**Task to carry out**
Give all of the data below again exactly, and drop the images.

── Dataset excerpt

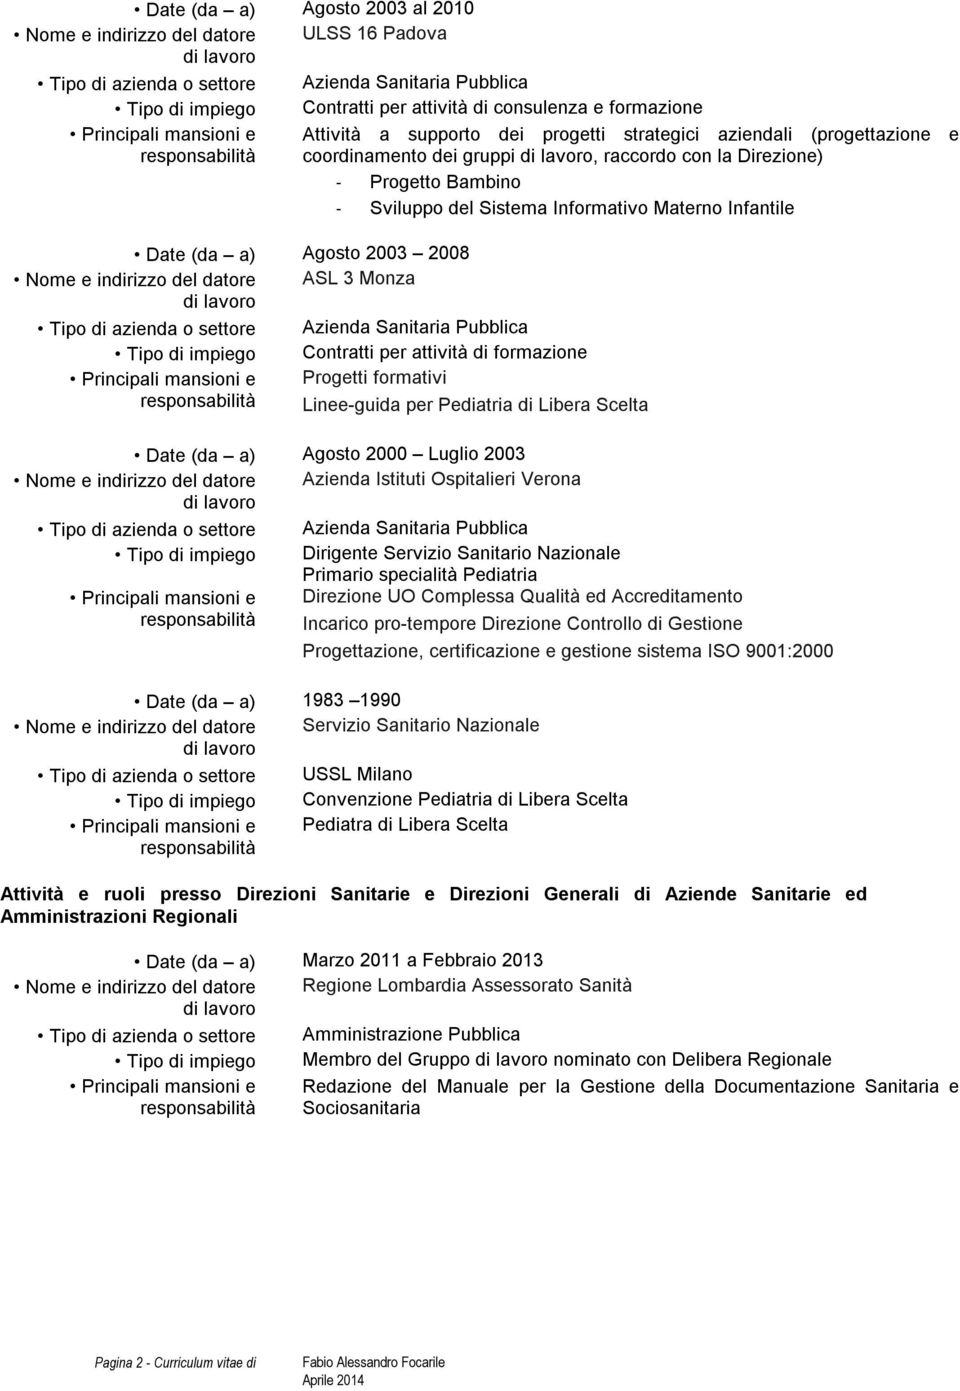 Contratti per attività di formazione Progetti formativi Linee-guida per Pediatria di Libera Scelta Date (da a) Agosto 2000 Luglio 2003 Nome e indirizzo del datore Azienda Istituti Ospitalieri Verona
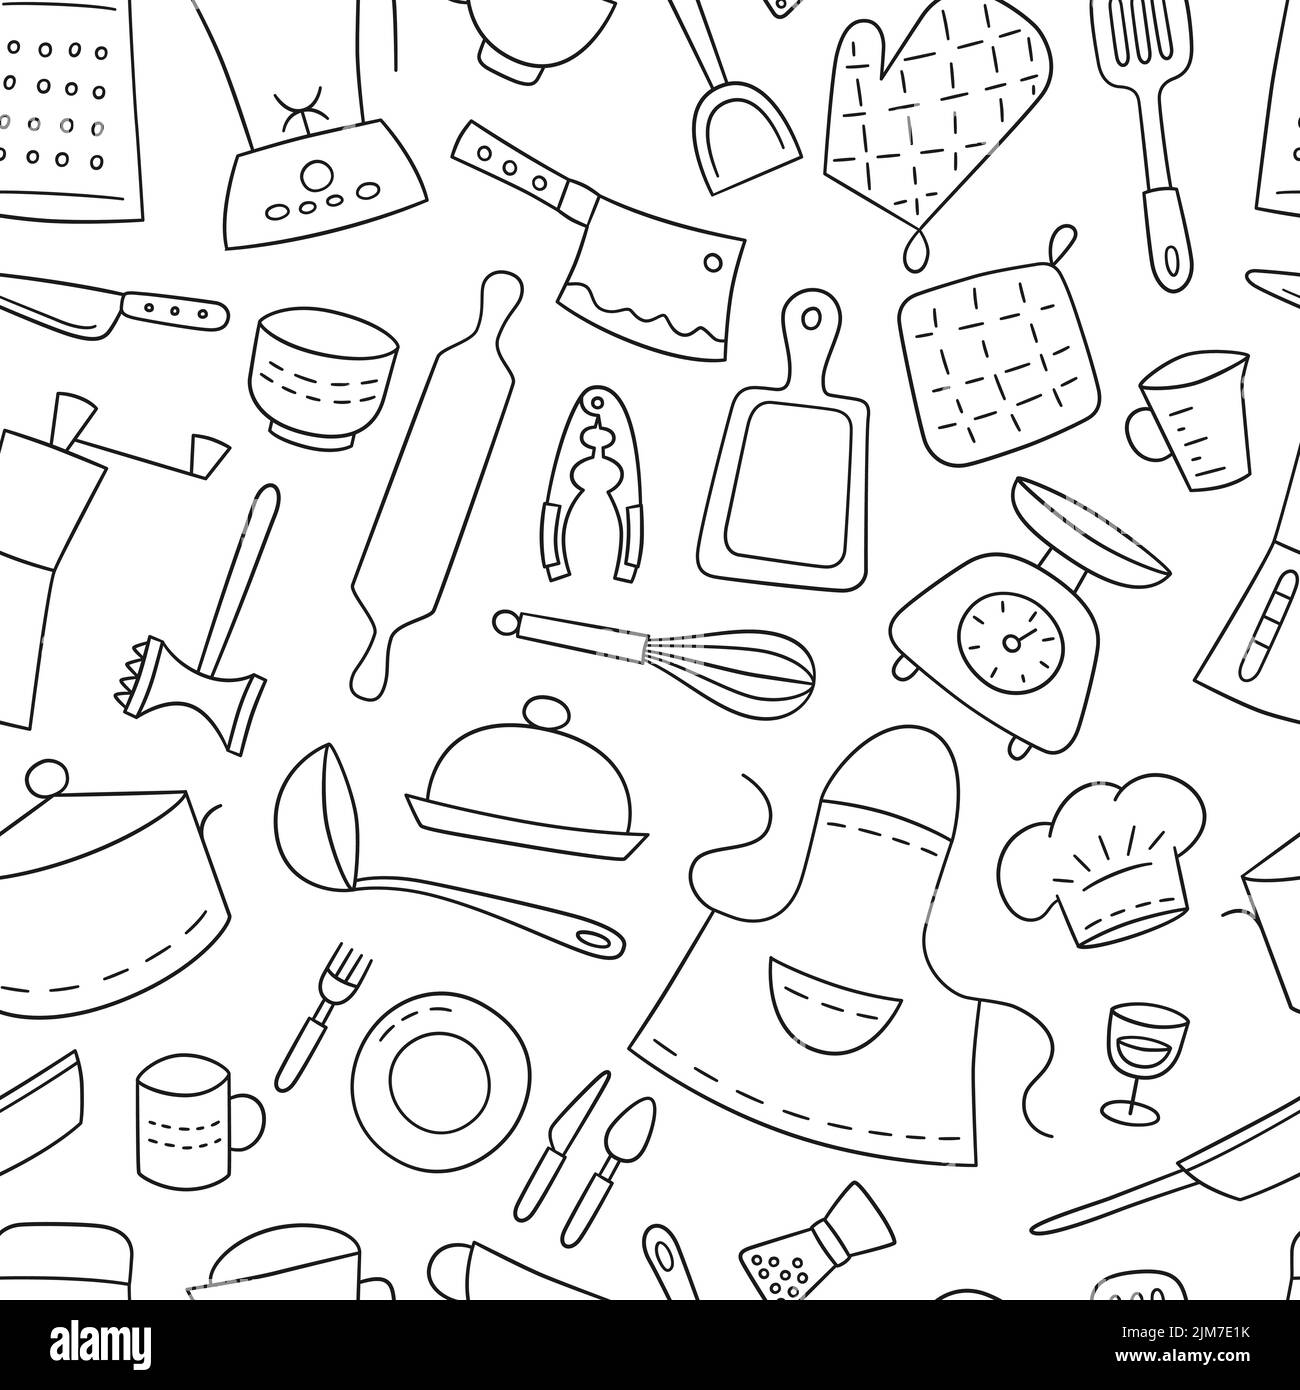 Küchengeräte und Geschirr. Kochen. Nahtloses Muster. Handgezeichnete Vektorgrafik Stock Vektor
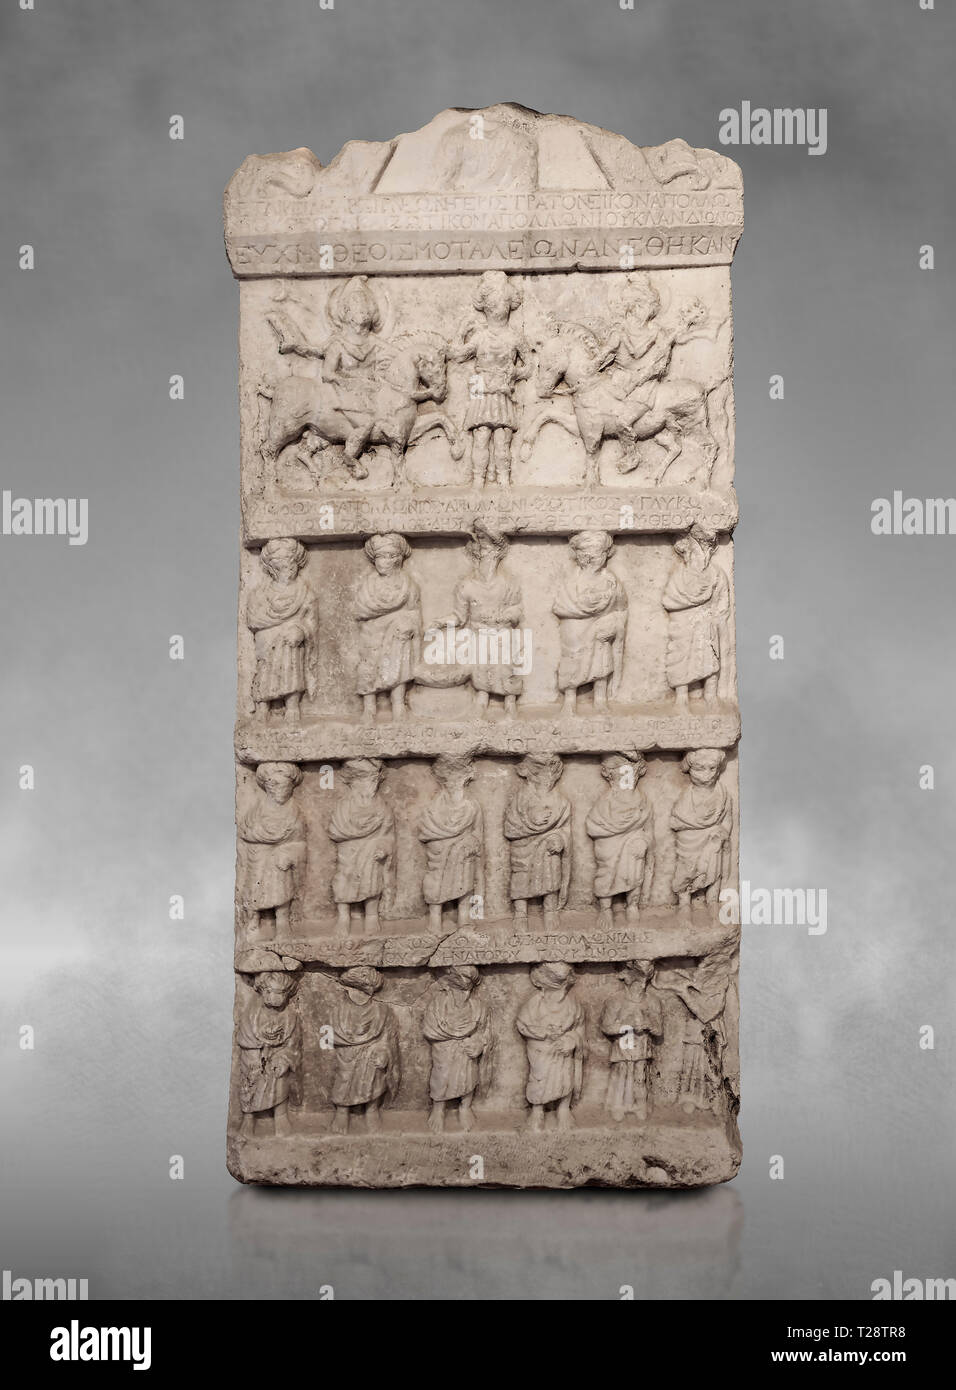 Stèle funéraire sculpture relief romain. Fin de la période romaine. Musée Archéologique de Hierapolis, Turquie Banque D'Images
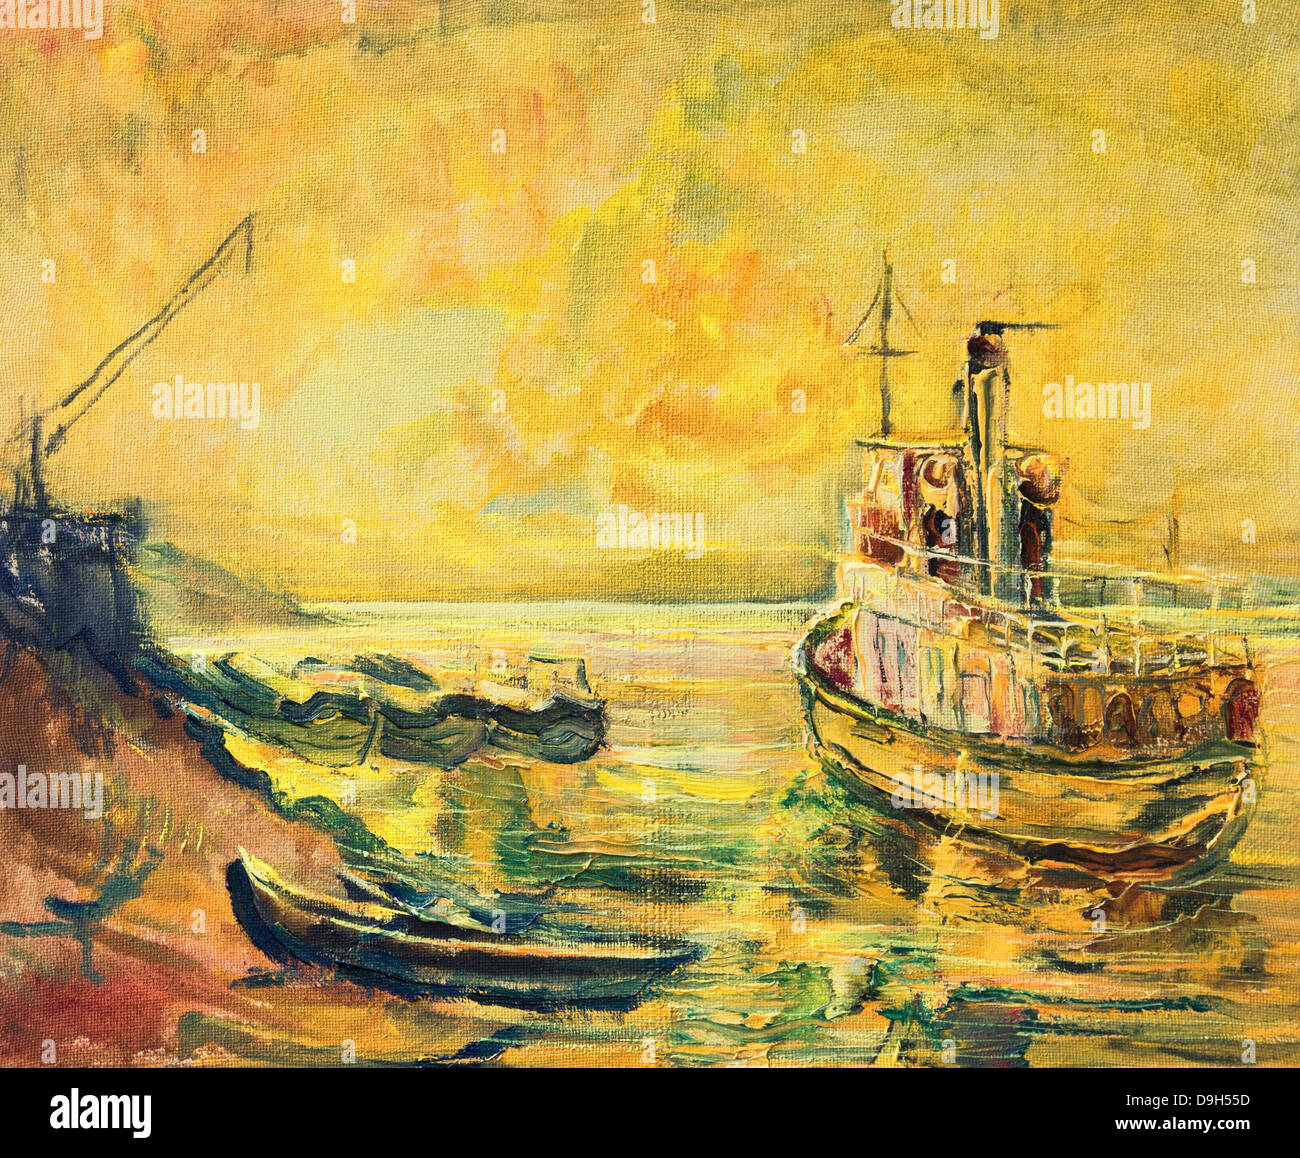 Un dipinto ad olio su tela di una bellissima alba sul fiume Danubio con una vecchia nave da pesca e una barca ancorata al litorale. Foto Stock

────

**Response**
 Contratti per attività di formazione Progetti formativi Linee-guida per Pediatria di Libera Scelta Date (da a) Agosto 2000 Luglio 2003 Nome e indirizzo del datore Azienda Istituti Ospitalieri Verona
 Küchengeräte und Geschirr. Kochen. Nahtloses Muster. Handgezeichnete Vektorgrafik Stock Vektor
 Stèle funéraire sculpture relief romain. Fin de la période romaine. Musée Archéologique de Hierapolis, Turquie Banque D'Images
 Un dipinto ad olio su tela di una bellissima alba sul fiume Danubio con una vecchia nave da pesca e una barca ancorata al litorale. Foto Stock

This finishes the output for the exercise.